Write a journal entry (approximately 200 words). Your journal entry should interpret the strengths and weaknesses of one (or more) ethical viewpoints discussed in the reading assignment. Your entry should also share your personal ethical views on the issue(s) presented in the reading assignment. Issues presented: Violence and War
Blog about an article from Wall Street Journal (WSJ) (It can be on anything!)
Blog about an article from Wall Street Journal (WSJ) (It can be on anything!)
Gross Payroll Journal Entry Payroll Tax Journal Entry Journalize the following payroll from information in the...
Gross Payroll Journal Entry Payroll Tax Journal Entry Journalize the following payroll from information in the payroll register and the related employer payroll taxes and other expense: Gross pay $ 200,000 Federal Income Tax Withheld 30,000 FICA - Social Security 12,500 FICA - Medicare 2,900 401(k) withholding 12,000 Union dues withheld 2,000 United Way withheld 3,000 Net Pay 137,600 FUTA 1,500 SUTA 10,500 ER 401(k) Match 25% Journalize payroll and calculate/journalize payroll taxes and other
Search the Journal of Occupational Science for a journal article about occupational justice
Search the Journal of Occupational Science for a journal article about occupational justice
In 250 Words, write a reflective journal entry about what you have specifically learned in class...
In 250 Words, write a reflective journal entry about what you have specifically learned in class this week about payroll transaction
1.Locate at least one article from a professional journal about GASB Statements No. 67 and No....

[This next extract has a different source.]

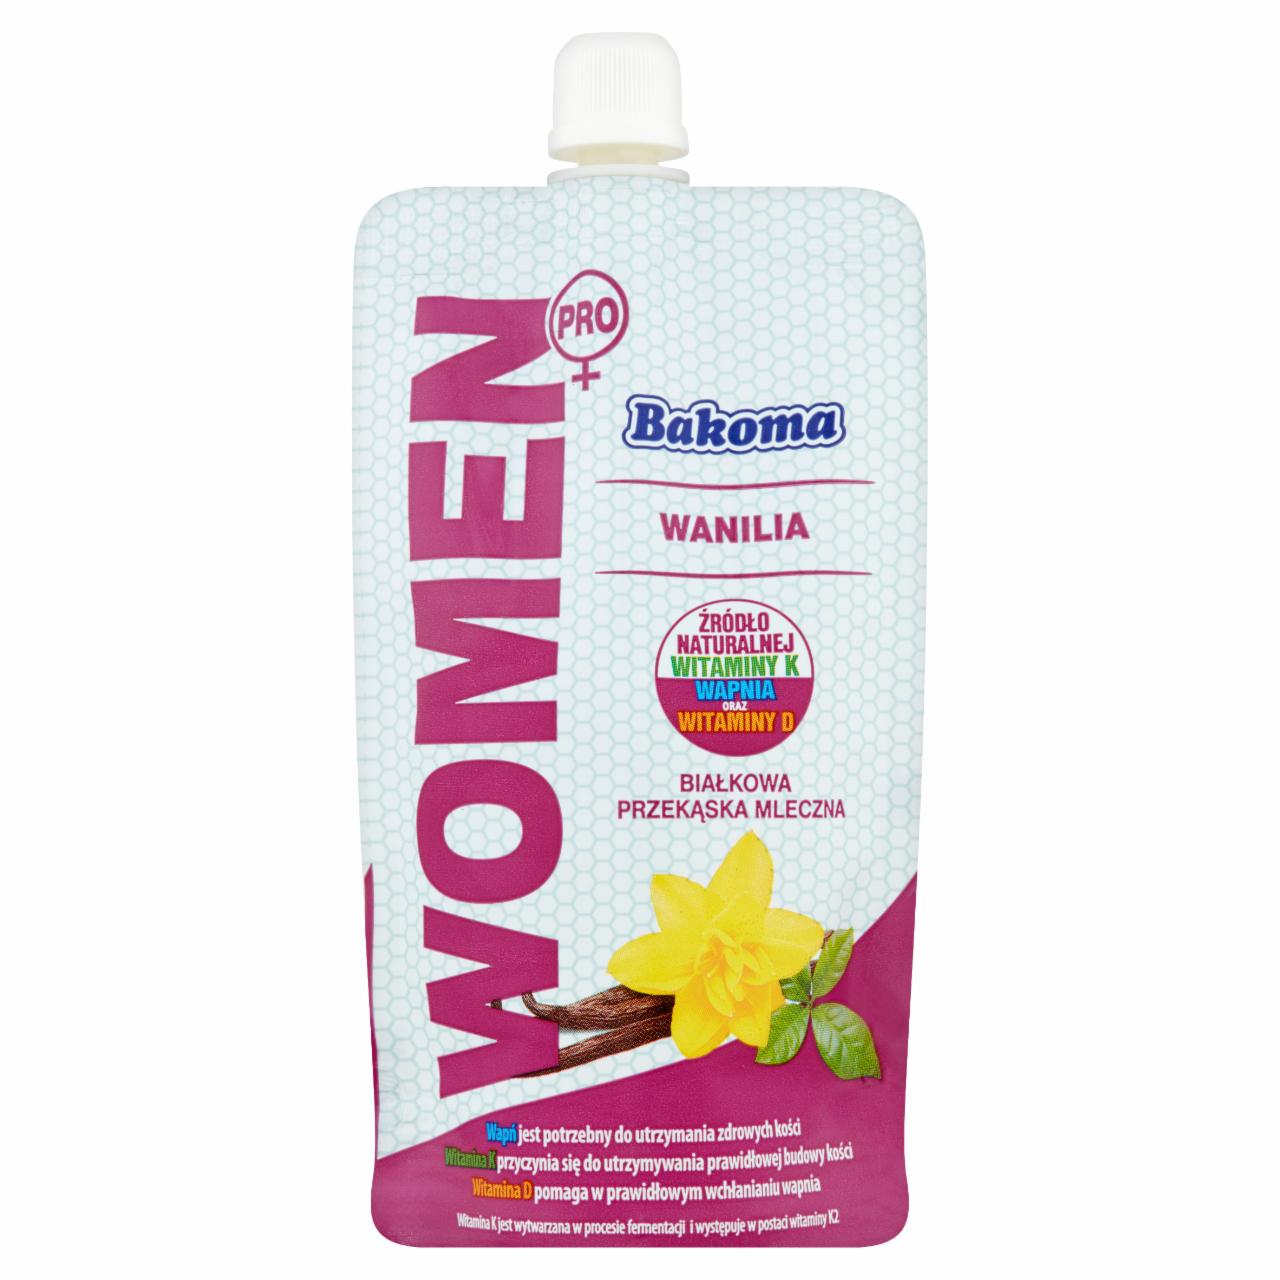 Zdjęcia - Bakoma Women Pro Białkowa przekąska mleczna wanilia 120 g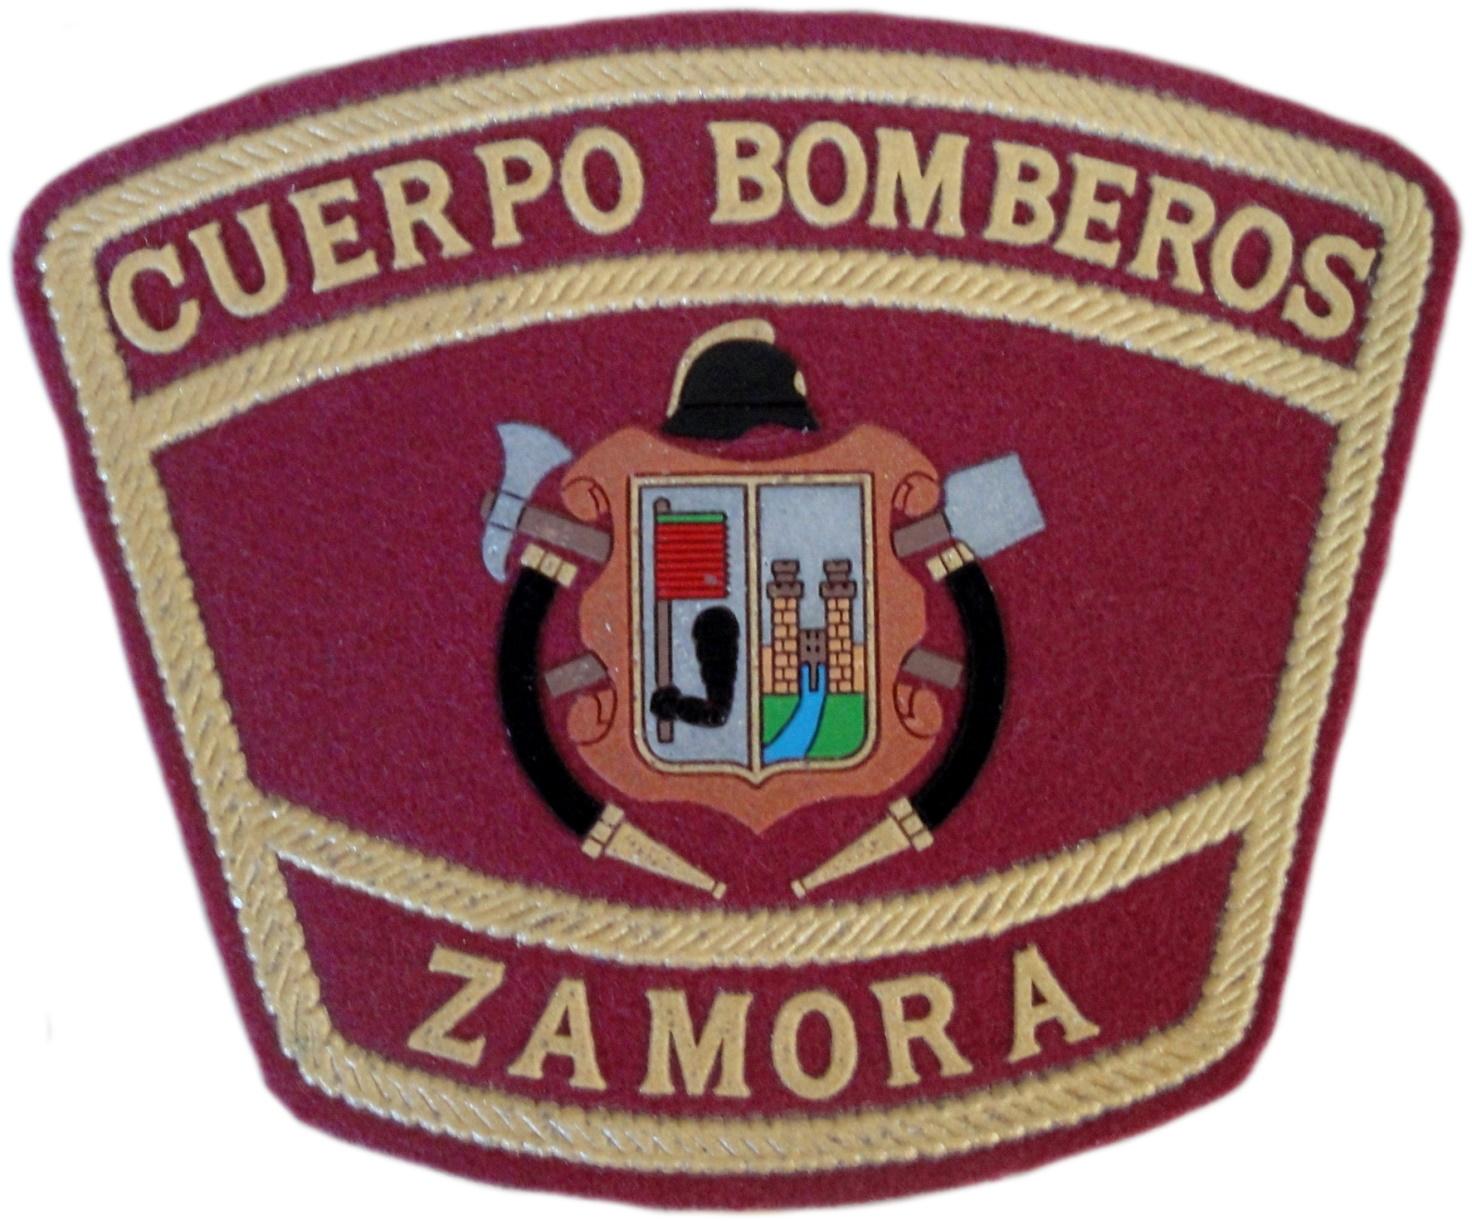 Cuerpo Bomberos de Zamora Servicio contra incendios y salvamento parche insignia emblema distintivo

1.Locate at least one article from a professional journal about GASB Statements No. 67 and No. 68 and: a. Concisely compares and contrasts the old and new standards based on the article(s) you reviewed. b. State whether or not you believe the new standards improve governmental reporting for pensions. c.provide at least one specific example to support your opinion. Support your review and opinion with at least one scholarly source
Which of the following statements about a journal entry is false? An increase in an asset...
Which of the following statements about a journal entry is false? An increase in an asset account is compatible with an increase in a liability account. An increase in an asset account is compatible with a decrease in an asset account. An increase in a liability account is compatible with an increase in retained earnings. A decrease in an asset account is compatible with a decrease in owners' equity.